[Start of section]

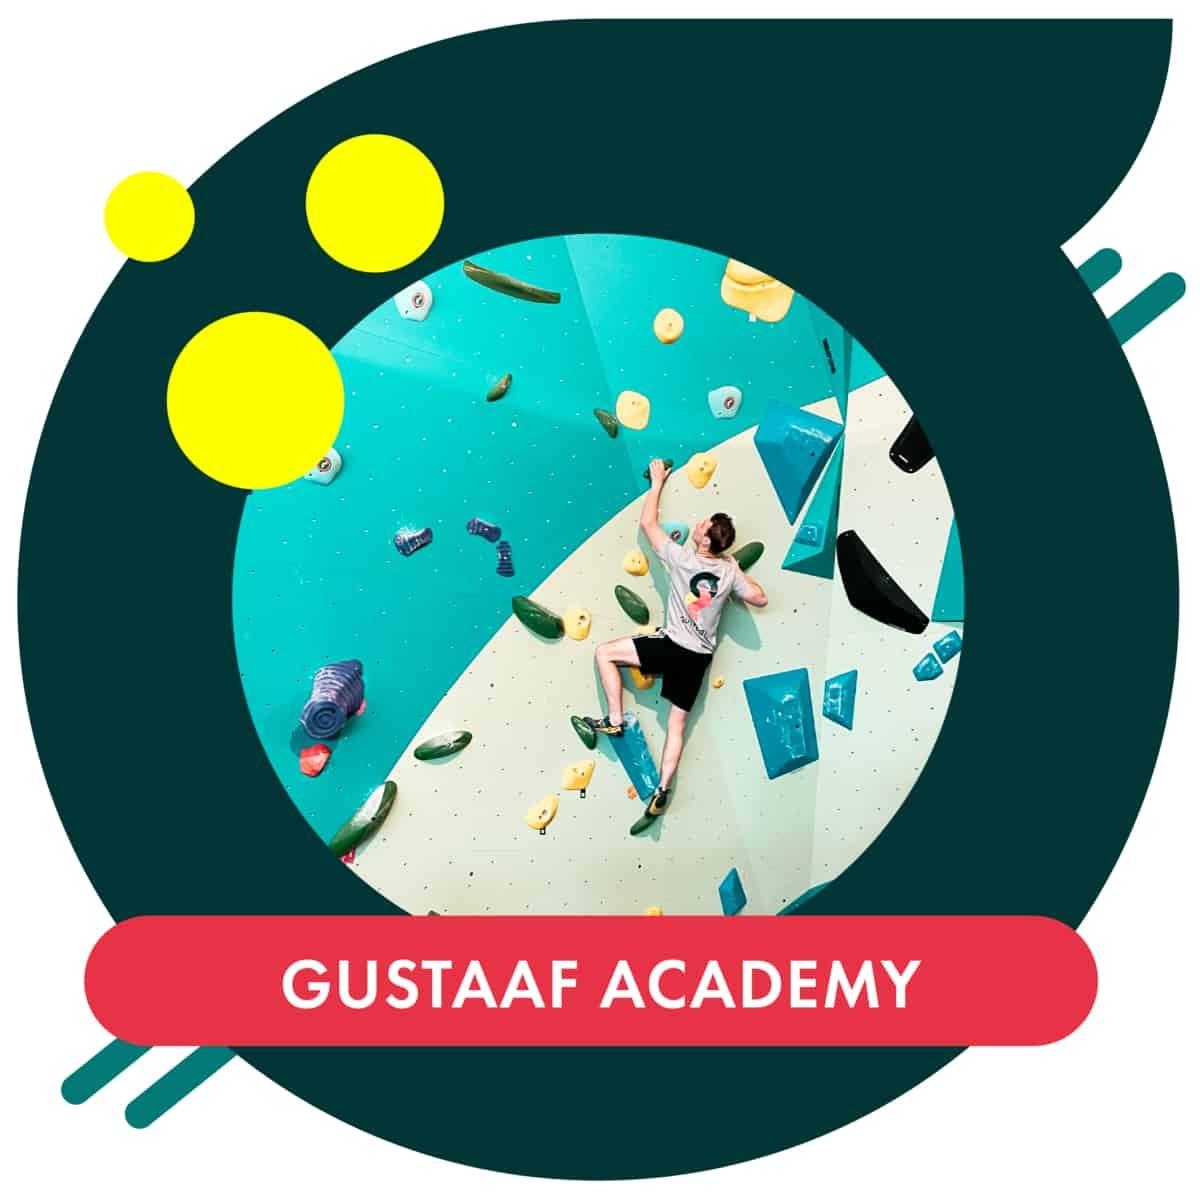 website foto en visuals gustaaf 09
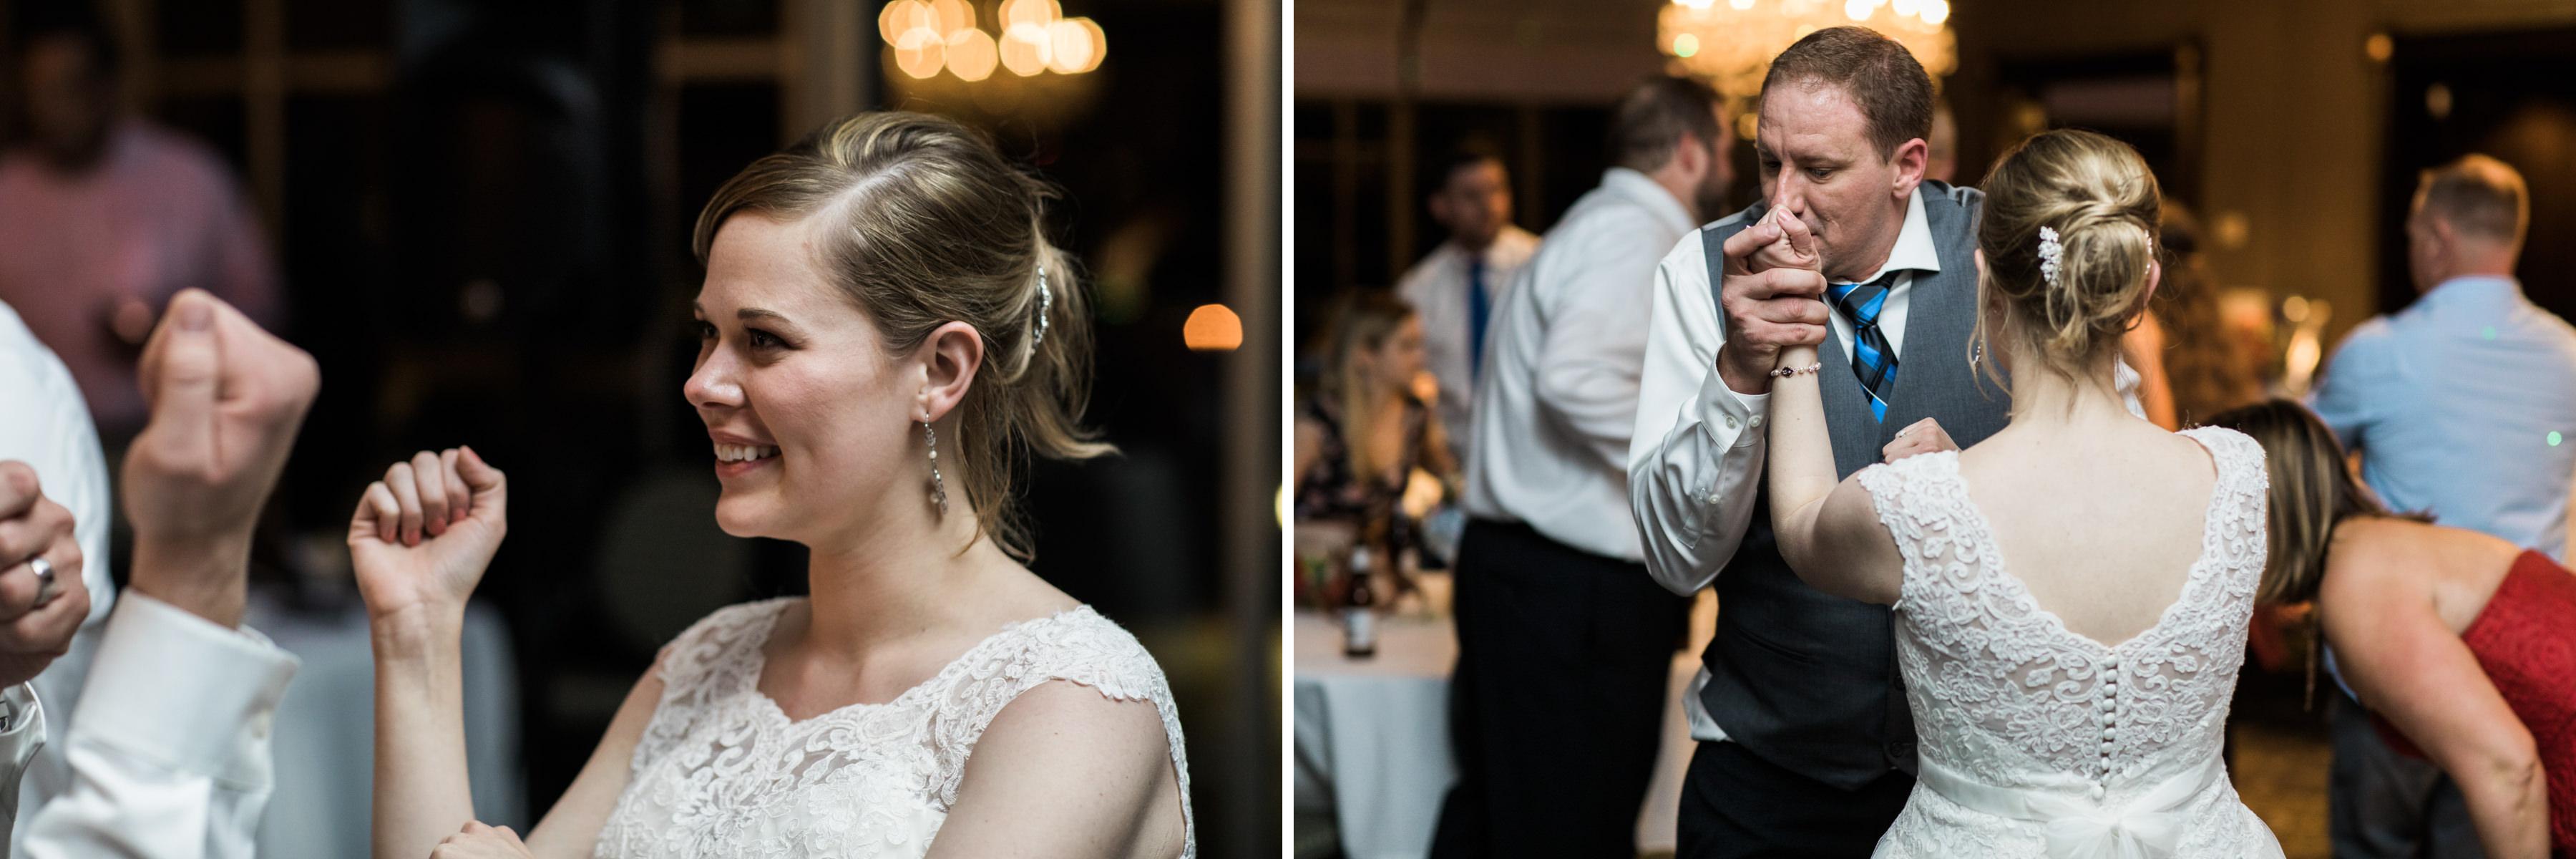 MAULDIN_WEDDING_MONTGOMERY_ALABAMA_WEDDING_PHOTOGRAPHY_134
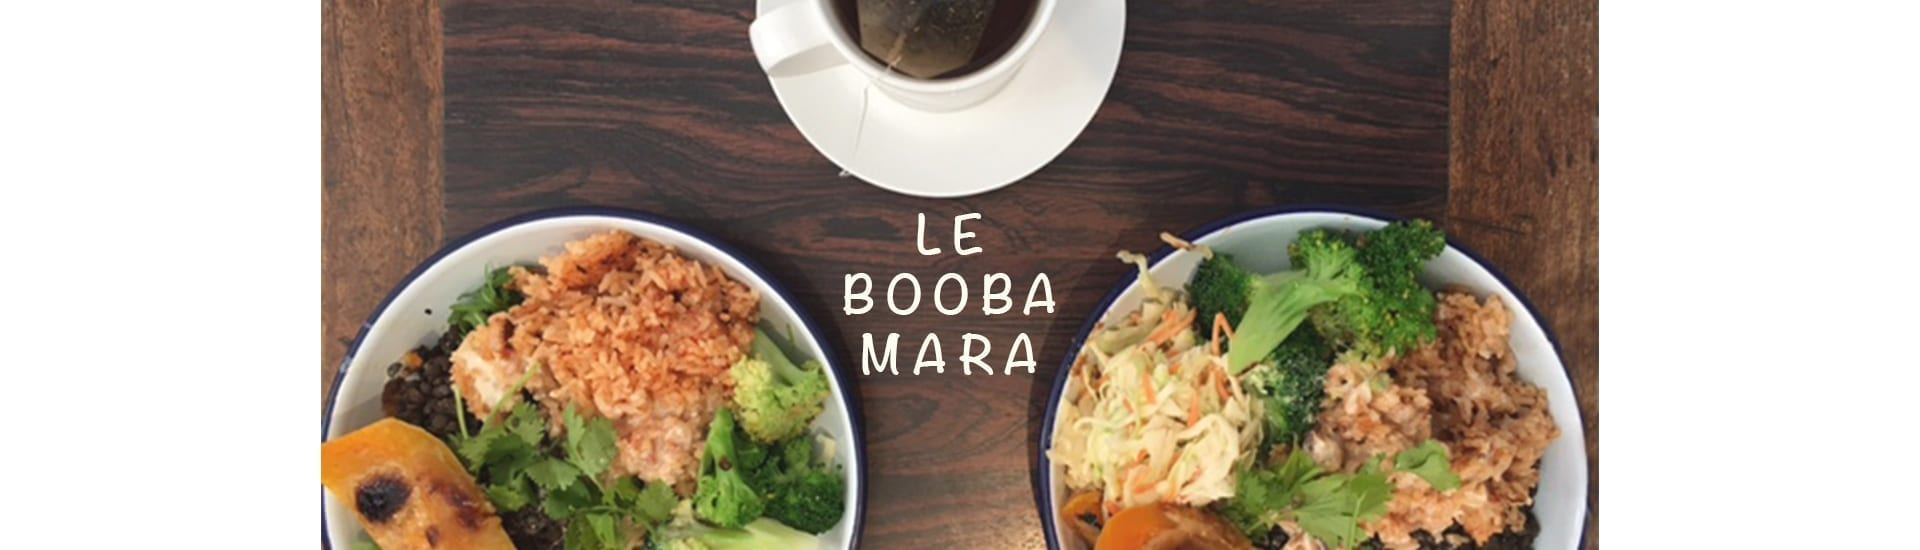 Déjeuner végétarien au Booba Mara à Paris

[End of section]

The copy should hold, exactly, the lines from the one containing "MAULDIN_WEDDING_MONTGOMERY_ALABAMA_WEDDING_PHOTOGRAPHY_134" to the final line of the listing above, with both ends present and no pictures.

§ OUTPUT OF THE TASK
 MAULDIN_WEDDING_MONTGOMERY_ALABAMA_WEDDING_PHOTOGRAPHY_134
 Déjeuner végétarien au Booba Mara à Paris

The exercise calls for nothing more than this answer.